Exercise instructions:
Everything in the records below from the line containing "travail de restauration" through the line containing "Florelila recetas y" is to be reproduced exactly, those two lines included; no picture is to be copied.

Material provided:
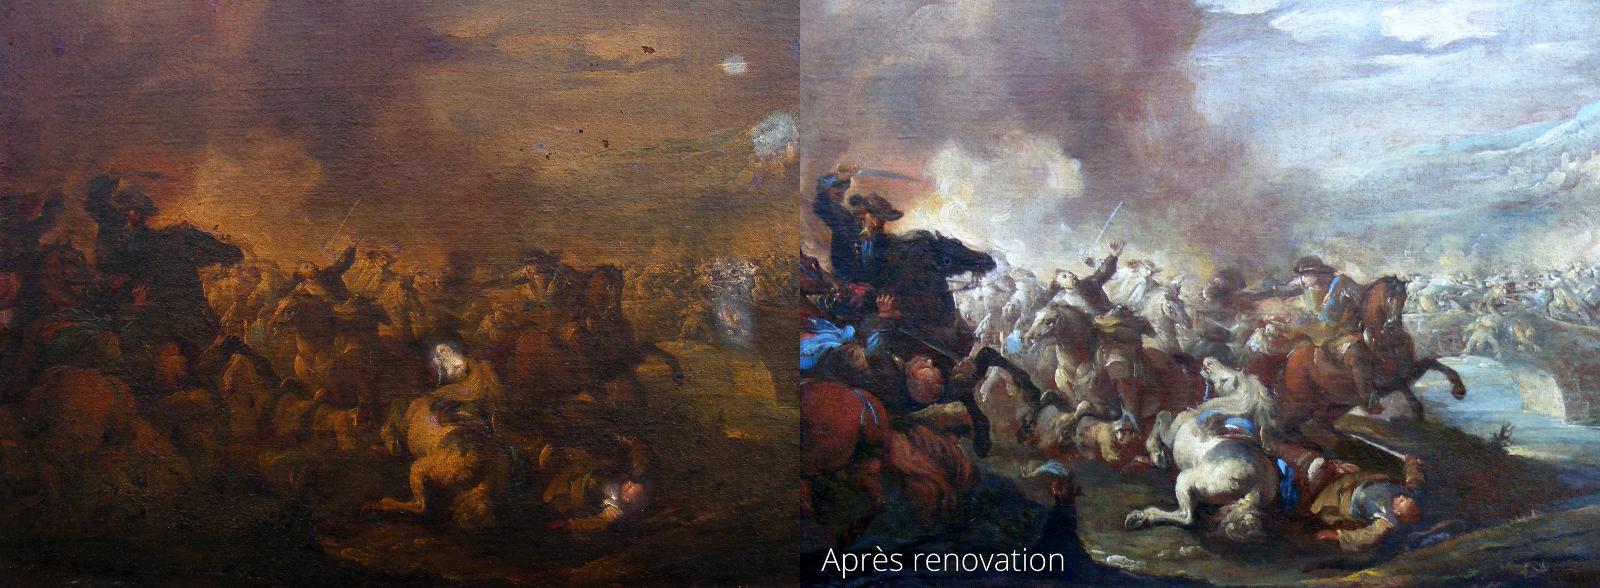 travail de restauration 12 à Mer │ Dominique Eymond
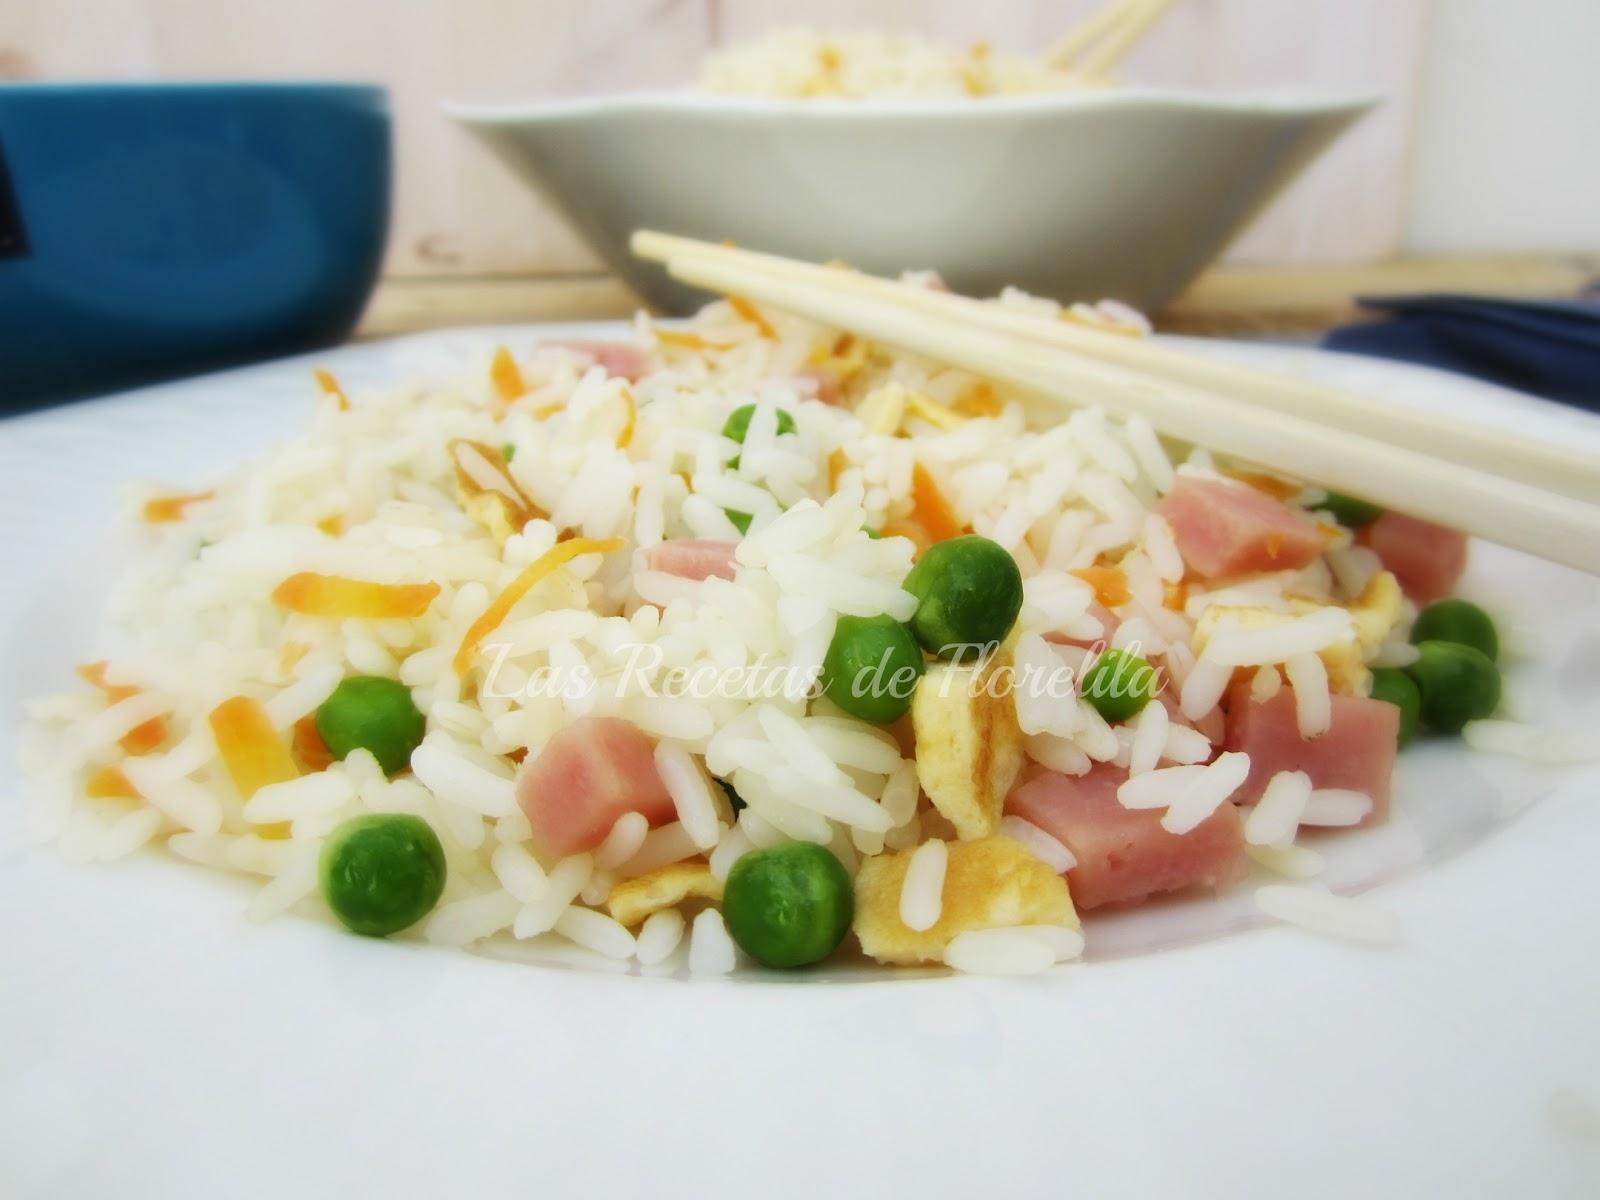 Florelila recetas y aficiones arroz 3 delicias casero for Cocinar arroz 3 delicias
---
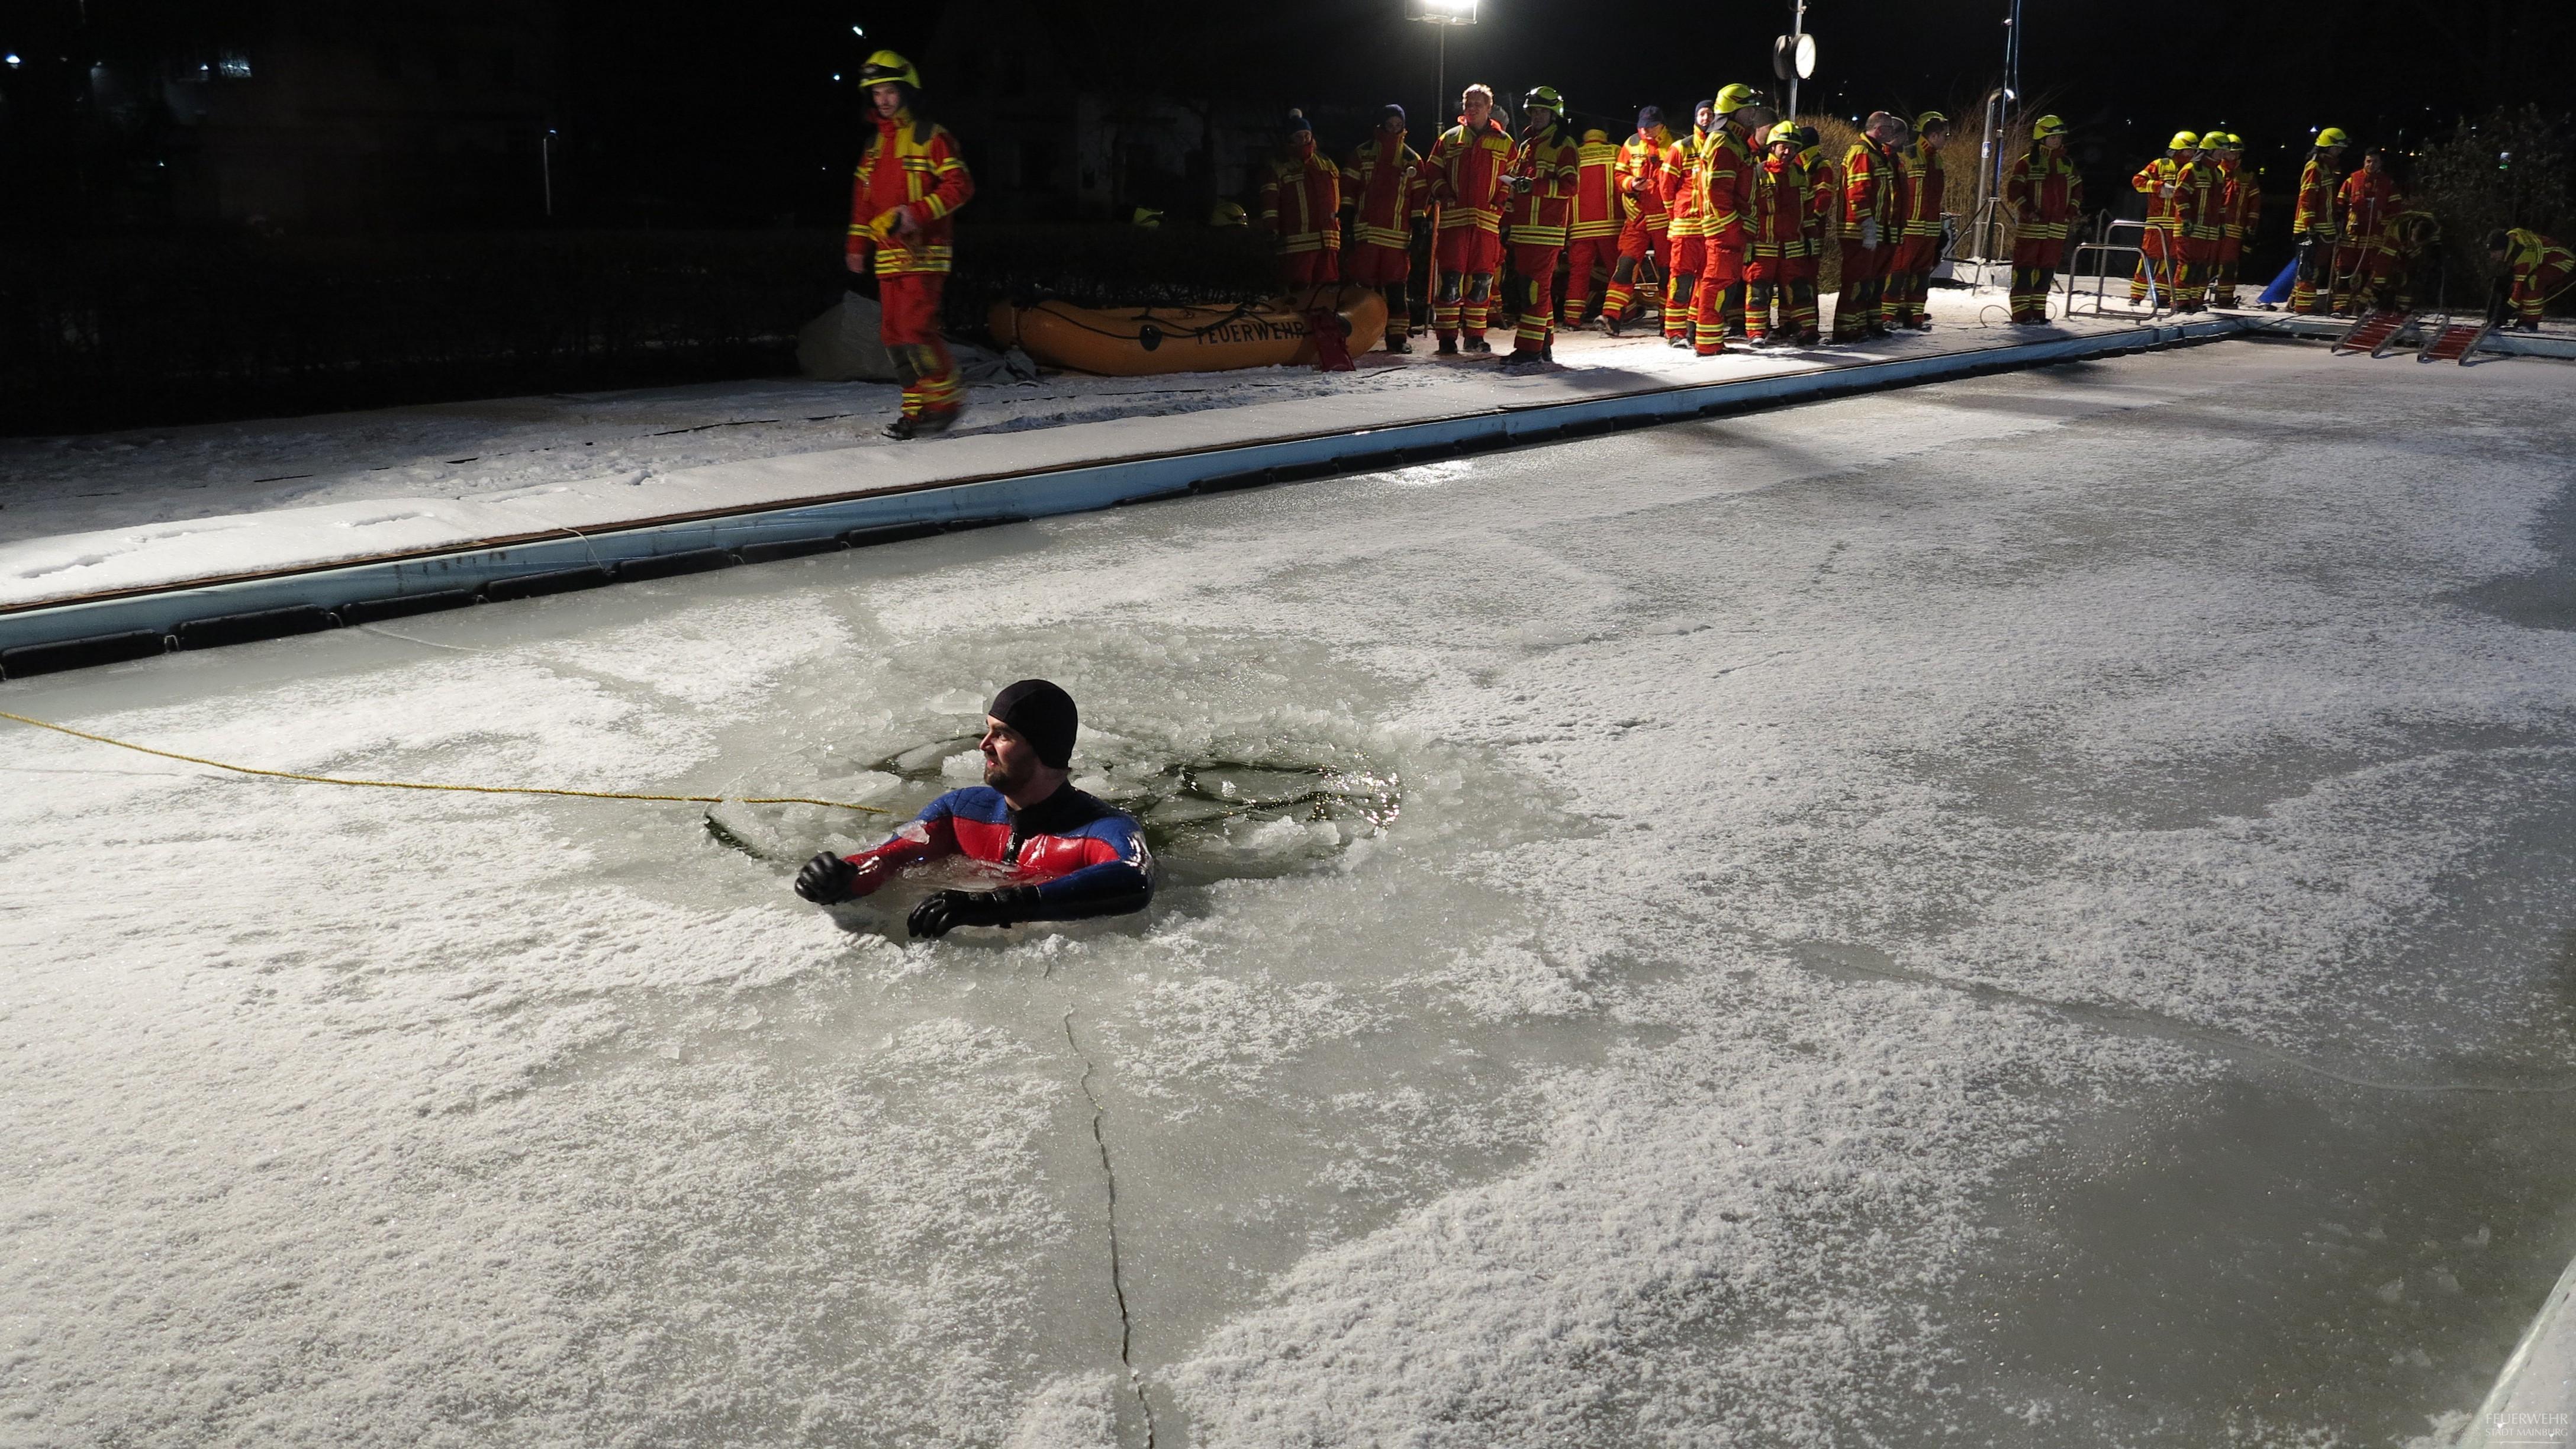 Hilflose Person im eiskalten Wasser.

Answer section:
 travail de restauration 12 à Mer │ Dominique Eymond
 Florelila recetas y aficiones arroz 3 delicias casero for Cocinar arroz 3 delicias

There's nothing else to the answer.